Your current Brute-Force algorithm is O(n^2). For just your two 70,000 line polygons that's some factor of almost 10 Billion operations, to say nothing of the 700,000 other polygons. Obviously, no amount of mere code optimization is going to be enough, so you need some kind algorithmic optimization that can lower that O(n^2) without being unduly complicated.

The O(n^2) comes from the nested loops in the brute-force algorithm that are each bounded by n, making it O(n*n). The simplest way to improve this would be to find some way to reduce the inner loop so that it is not bound by or dependent on n. So what we need to find is some way to order or re-order the inner list of lines to check the outer line against so that only a part of the full list needs to be scanned.

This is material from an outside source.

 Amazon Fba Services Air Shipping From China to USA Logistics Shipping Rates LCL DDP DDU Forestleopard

The approach that I am taking takes advantage of the fact that if two line segments intersect, then the range of their X values must overlap each other. Mind you, this doesn't mean that they do intersect, but if their X ranges don't overlap, then they cannot be intersecting so theres no need to check them against each other. (this is true of the Y value ranges also, but you can only leverage one dimension at a time).

The advantage of this approach is that these X ranges can be used to order the endpoints of the lines which can in turn be used as the starting and stopping points for which lines to check against for intersection.

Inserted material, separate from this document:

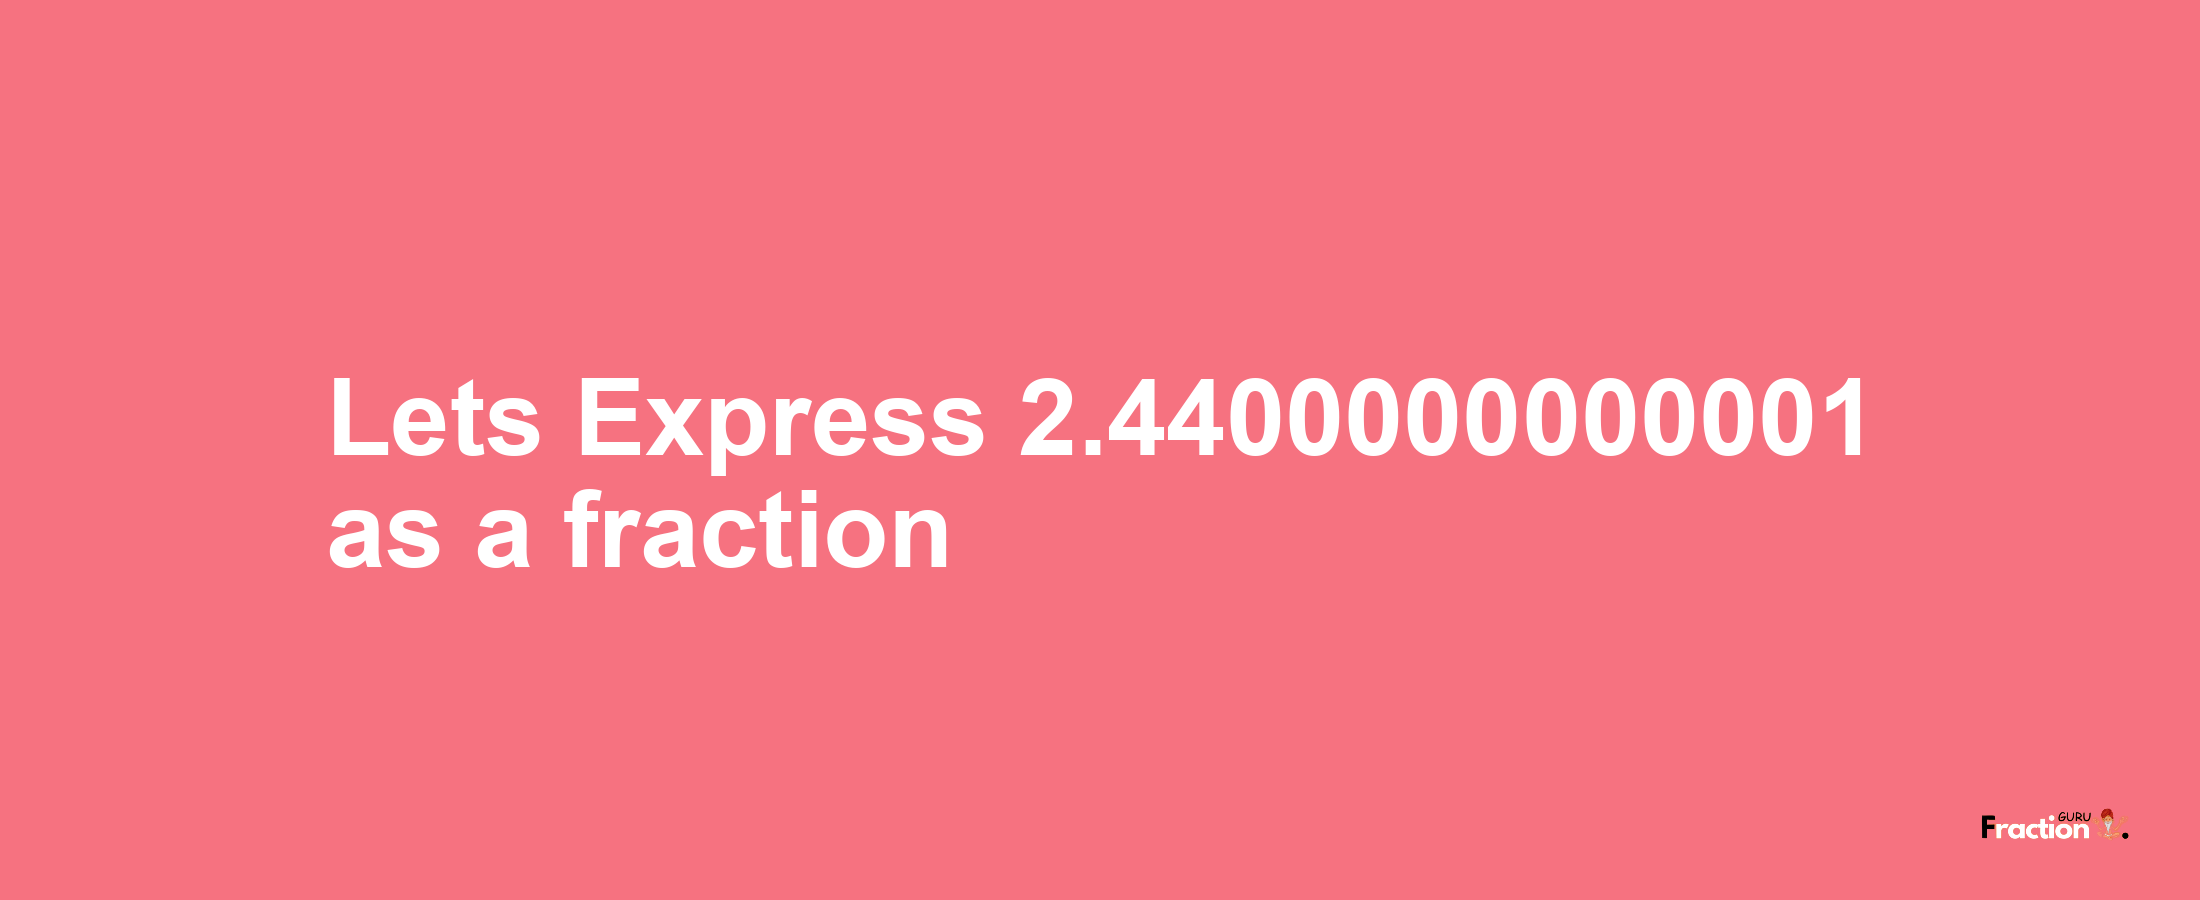 Lets Express 2.4400000000001 as afraction

So specifically what we do is to define a custom class (endpointEntry) that represents the High or Low X values of the line's two points. These endpoints are all put into the same List structure and then sorted based on their X values.

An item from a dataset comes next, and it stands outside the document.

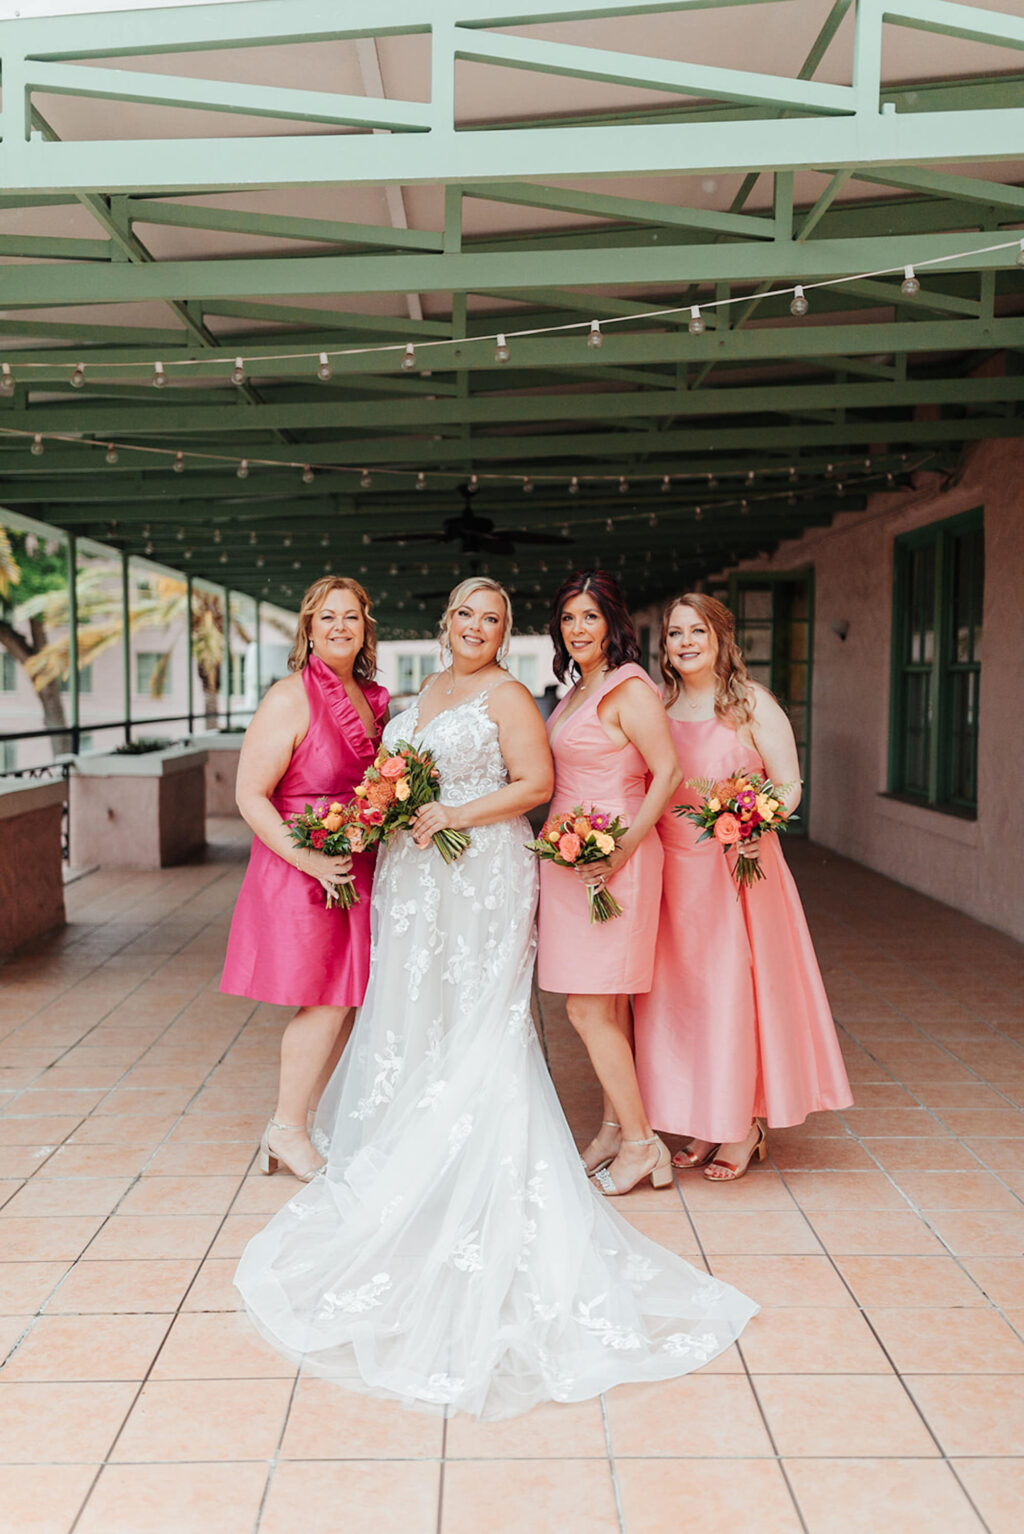 Bride with Bridesmaids in Mix and Match Long and Short Bright Pink Tropical Florida Bridesmaids Wedding Dresses | St Petersburg Hair and Makeup Femme Akoi

Then we implement an outer loop where we scan the entire list just as in the brute-force algorithm. However our inner loop is considerably different. Instead of re-scanning the entire list for lines to check for intersection, we rather start scanning down the sorted endpoint list from the high X value endpoint of the outer loop's line and end it when we pass below that same line's low X value endpoint. In this way, we only check the lines whose range of X values overlap the outer loop's line.

OK, here's a c# class demonstrating my approach:

class CheckPolygon2
{
    // internal supporting classes
    class endpointEntry
    {
        public double XValue;
        public bool isHi;
        public Line2D line;
        public double hi;
        public double lo;
        public endpointEntry fLink;
        public endpointEntry bLink;
    }
    class endpointSorter : IComparer<endpointEntry>
    {
        public int Compare(endpointEntry c1, endpointEntry c2)
        {
            // sort values on XValue, descending
            if (c1.XValue > c2.XValue) { return -1; }
            else if (c1.XValue < c2.XValue) { return 1; }
            else // must be equal, make sure hi's sort before lo's
                if (c1.isHi && !c2.isHi) { return -1; }
                else if (!c1.isHi && c2.isHi) { return 1; }
                else { return 0; }
        }
    }

    public bool CheckForCrossing(List<Line2D> lines)
    {
        List<endpointEntry> pts = new List<endpointEntry>(2 * lines.Count);

        // Make endpoint objects from the lines so that we can sort all of the
        // lines endpoints.
        foreach (Line2D lin in lines)
        {
            // make the endpoint objects for this line
            endpointEntry hi, lo;
            if (lin.P1.X < lin.P2.X)
            {
                hi = new endpointEntry() { XValue = lin.P2.X, isHi = true, line = lin, hi = lin.P2.X, lo = lin.P1.X };
                lo = new endpointEntry() { XValue = lin.P1.X, isHi = false, line = lin, hi = lin.P1.X, lo = lin.P2.X };
            }
            else
            {
                hi = new endpointEntry() { XValue = lin.P1.X, isHi = true, line = lin, hi = lin.P1.X, lo = lin.P2.X };
                lo = new endpointEntry() { XValue = lin.P2.X, isHi = false, line = lin, hi = lin.P2.X, lo = lin.P1.X };
            }
            // add them to the sort-list
            pts.Add(hi);
            pts.Add(lo);
        }

        // sort the list
        pts.Sort(new endpointSorter());

        // sort the endpoint forward and backward links
        endpointEntry prev = null;
        foreach (endpointEntry pt in pts)
        {
            if (prev != null)
            {
                pt.bLink = prev;
                prev.fLink = pt;
            }
            prev = pt;
        }

        // NOW, we are ready to look for intersecting lines
        foreach (endpointEntry pt in pts)
        {
            // for every Hi endpoint ...
            if (pt.isHi)
            {
                // check every other line whose X-range is either wholly 
                // contained within our own, or that overlaps the high 
                // part of ours.  The other two cases of overlap (overlaps 
                // our low end, or wholly contains us) is covered by hi 
                // points above that scan down to check us.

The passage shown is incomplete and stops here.